*What you will do:* Reproduce the listing below exactly. Pictures do not belong in the copy.

*Data shown:*
<<<<

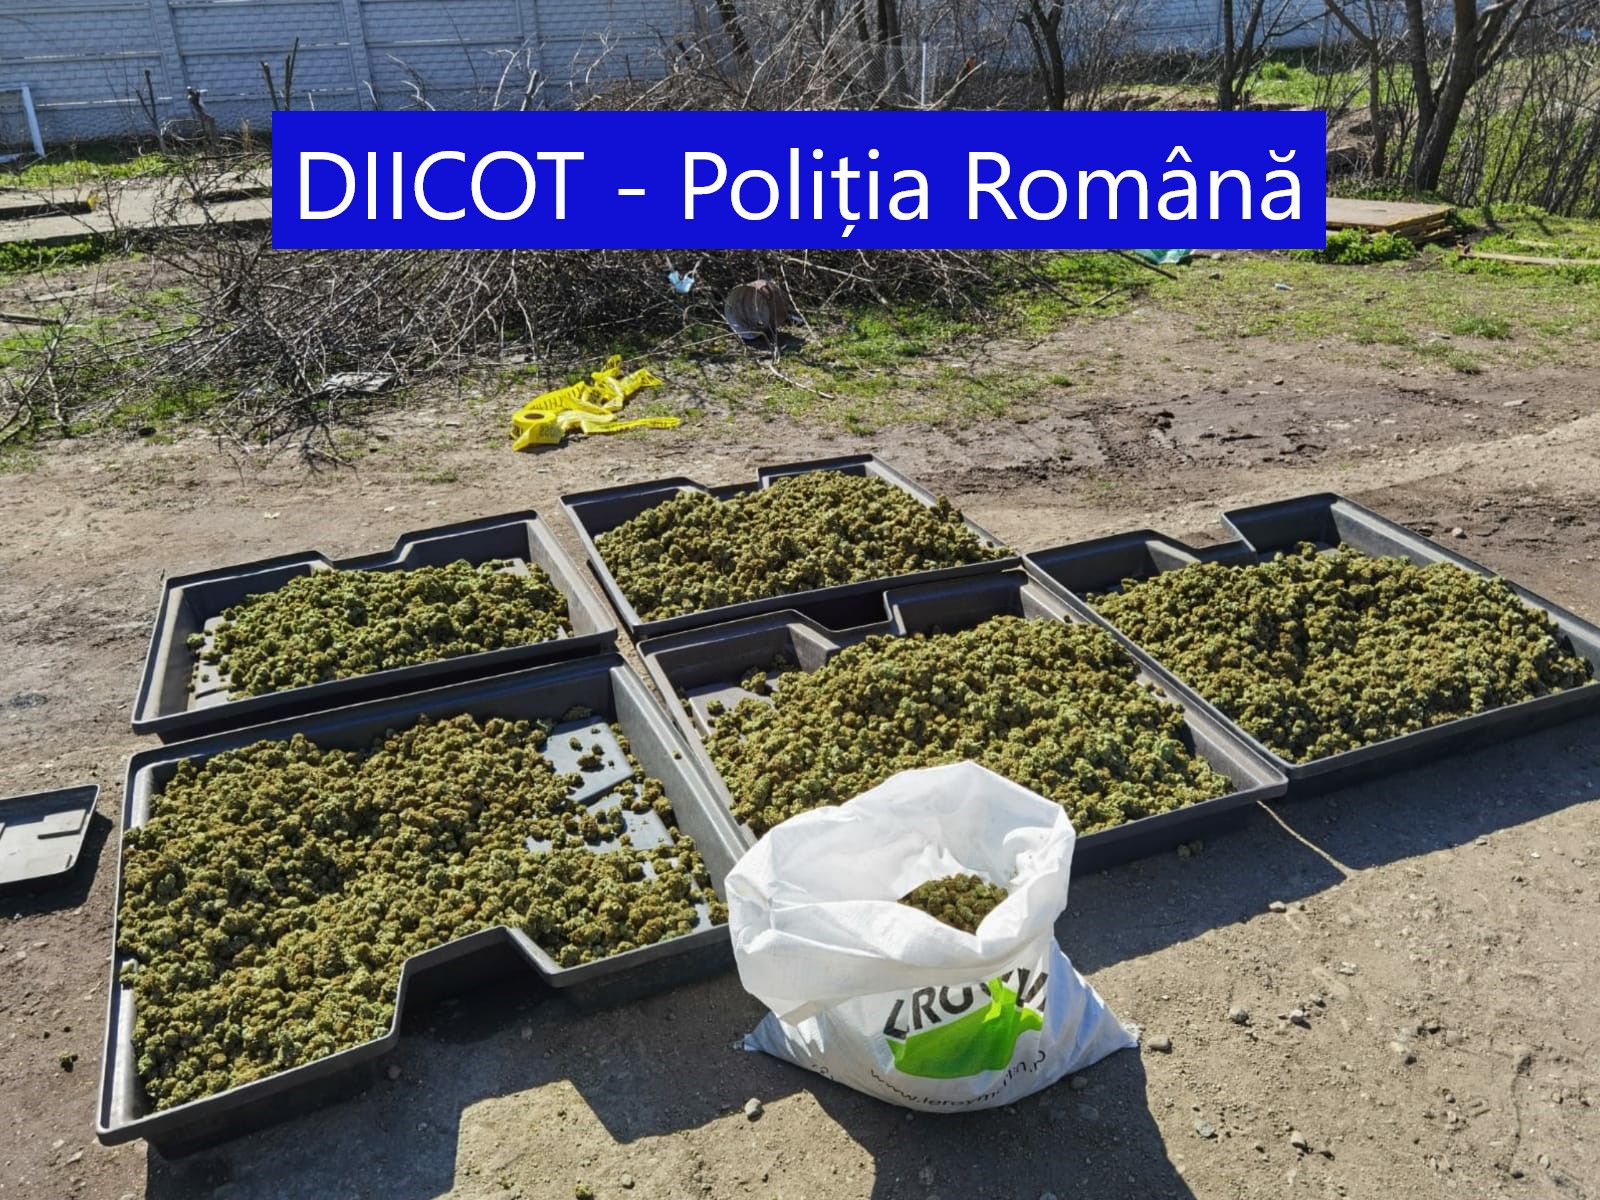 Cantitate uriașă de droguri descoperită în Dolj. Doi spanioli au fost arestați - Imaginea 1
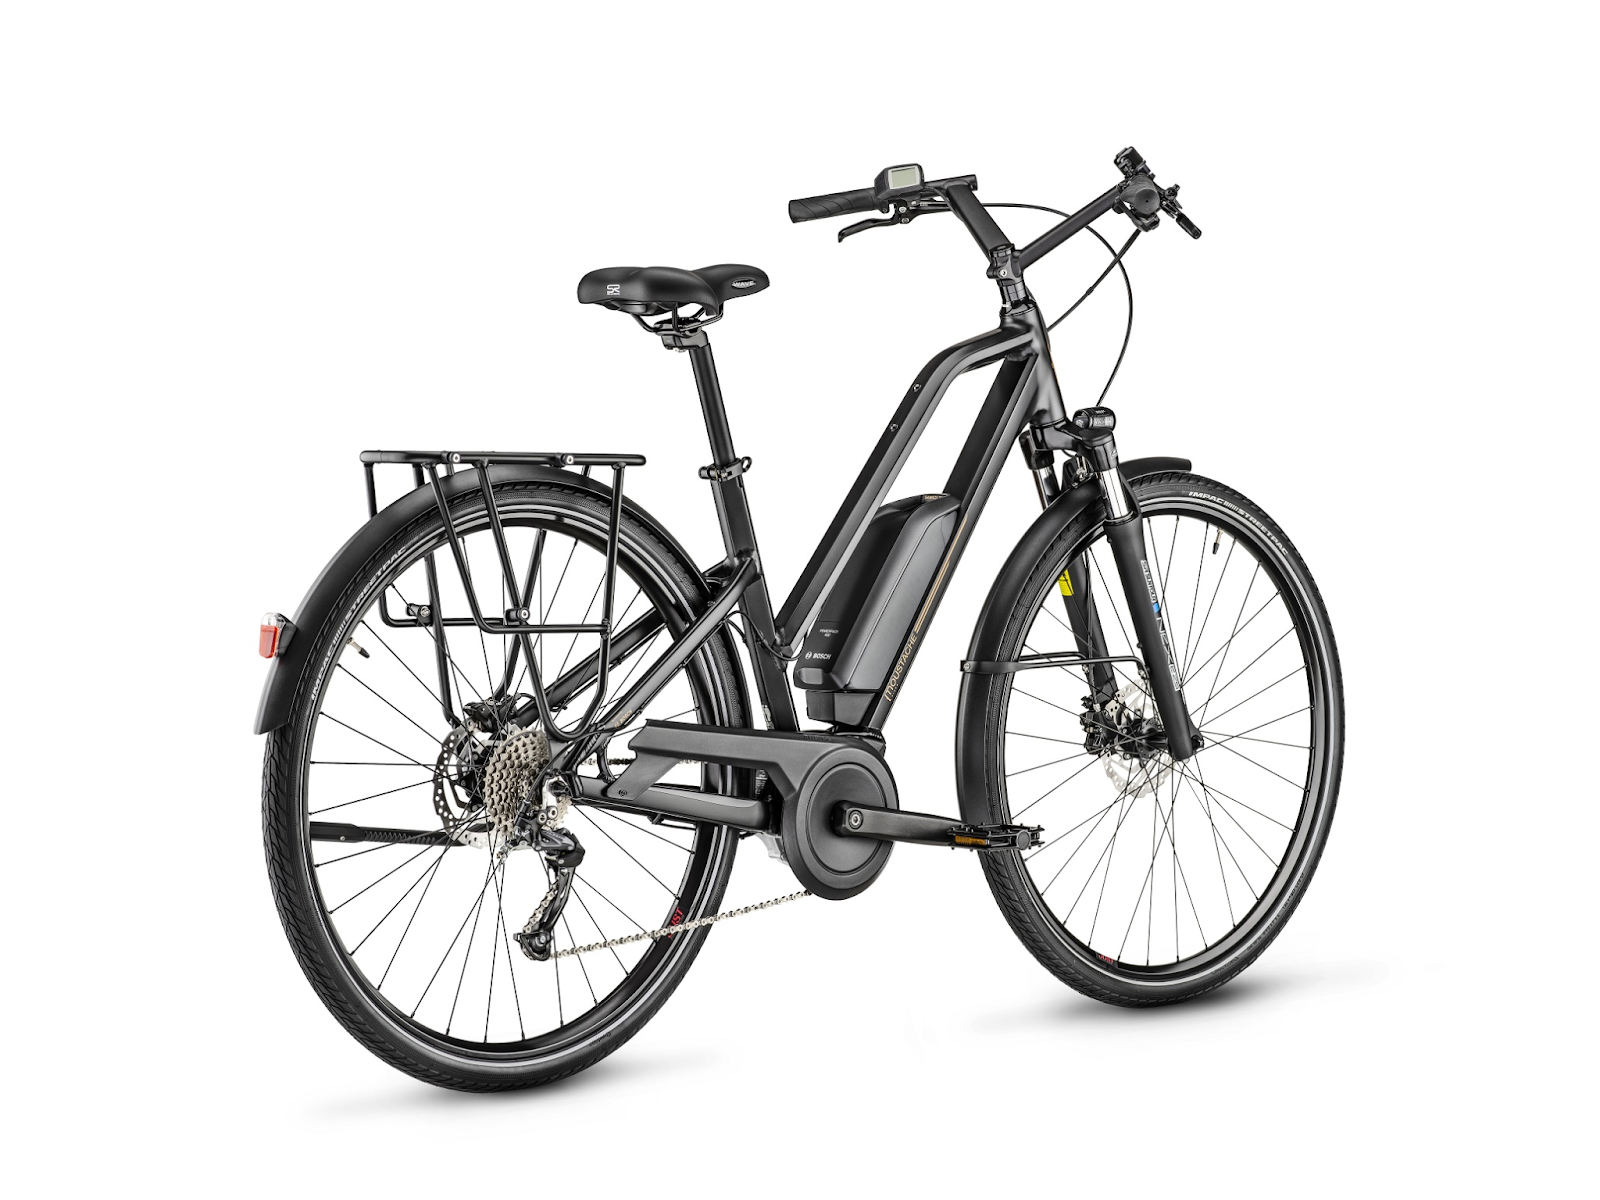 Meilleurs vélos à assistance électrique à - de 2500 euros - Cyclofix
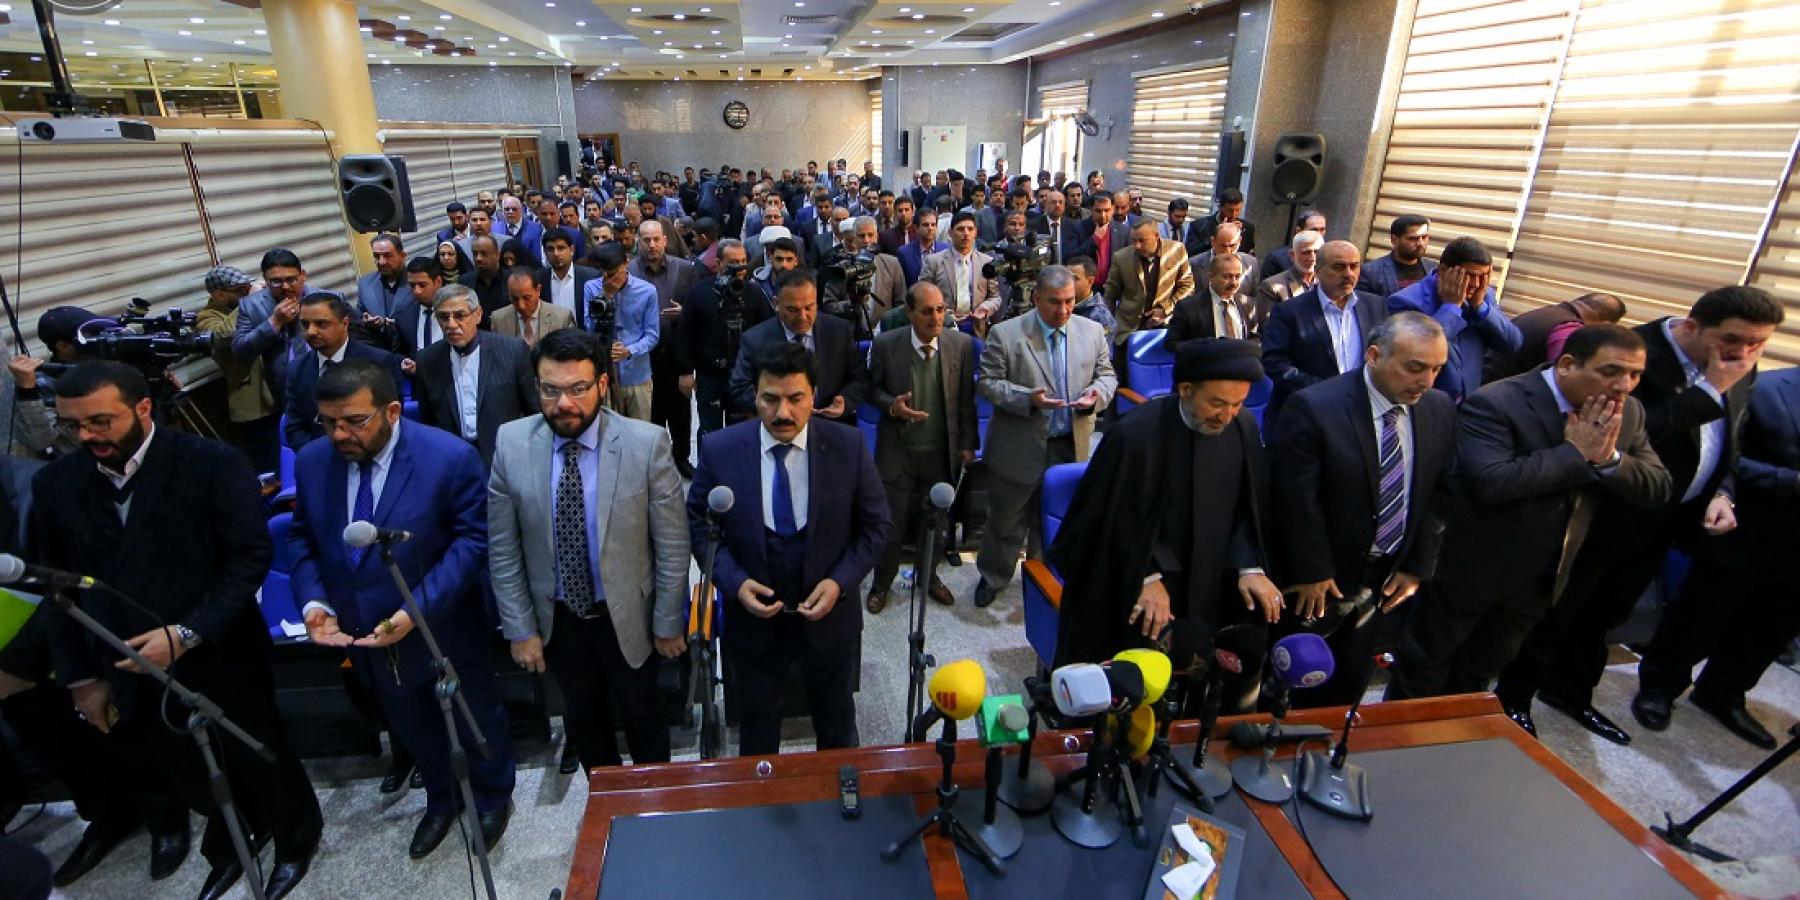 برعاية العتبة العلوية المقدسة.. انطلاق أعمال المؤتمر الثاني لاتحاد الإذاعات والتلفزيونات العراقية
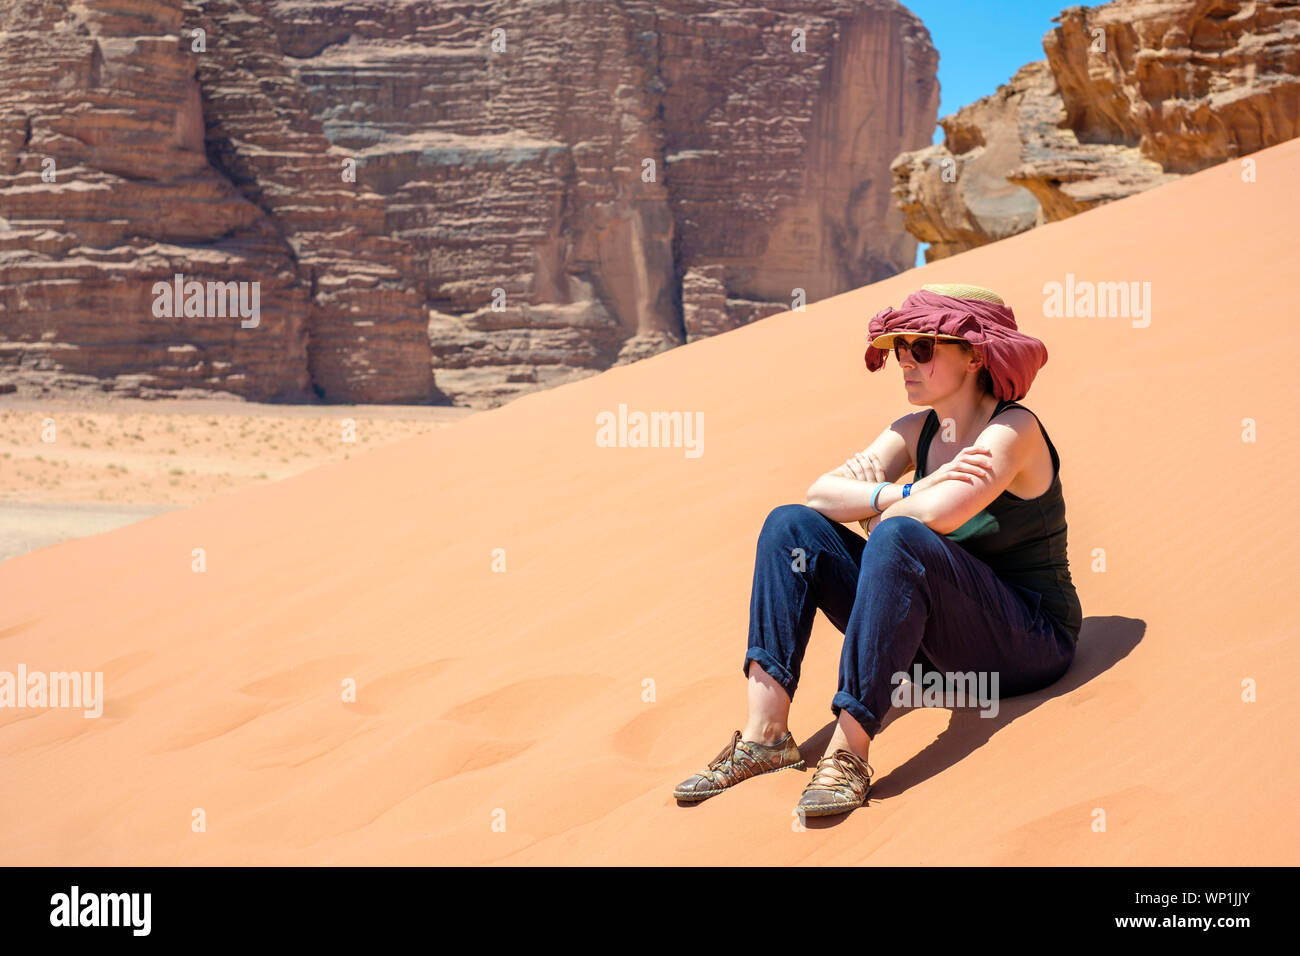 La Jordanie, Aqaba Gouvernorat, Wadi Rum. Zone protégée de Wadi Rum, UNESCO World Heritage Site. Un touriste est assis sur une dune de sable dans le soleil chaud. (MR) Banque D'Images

>>>>

*Exercise solution:*
 Cantitate uriașă de droguri descoperită în Dolj. Doi spanioli au fost arestați - Imaginea 1
 Meilleurs vélos à assistance électrique à - de 2500 euros - Cyclofix
 برعاية العتبة العلوية المقدسة.. انطلاق أعمال المؤتمر الثاني لاتحاد الإذاعات والتلفزيونات العراقية
 La Jordanie, Aqaba Gouvernorat, Wadi Rum. Zone protégée de Wadi Rum, UNESCO World Heritage Site. Un touriste est assis sur une dune de sable dans le soleil chaud. (MR) Banque D'Images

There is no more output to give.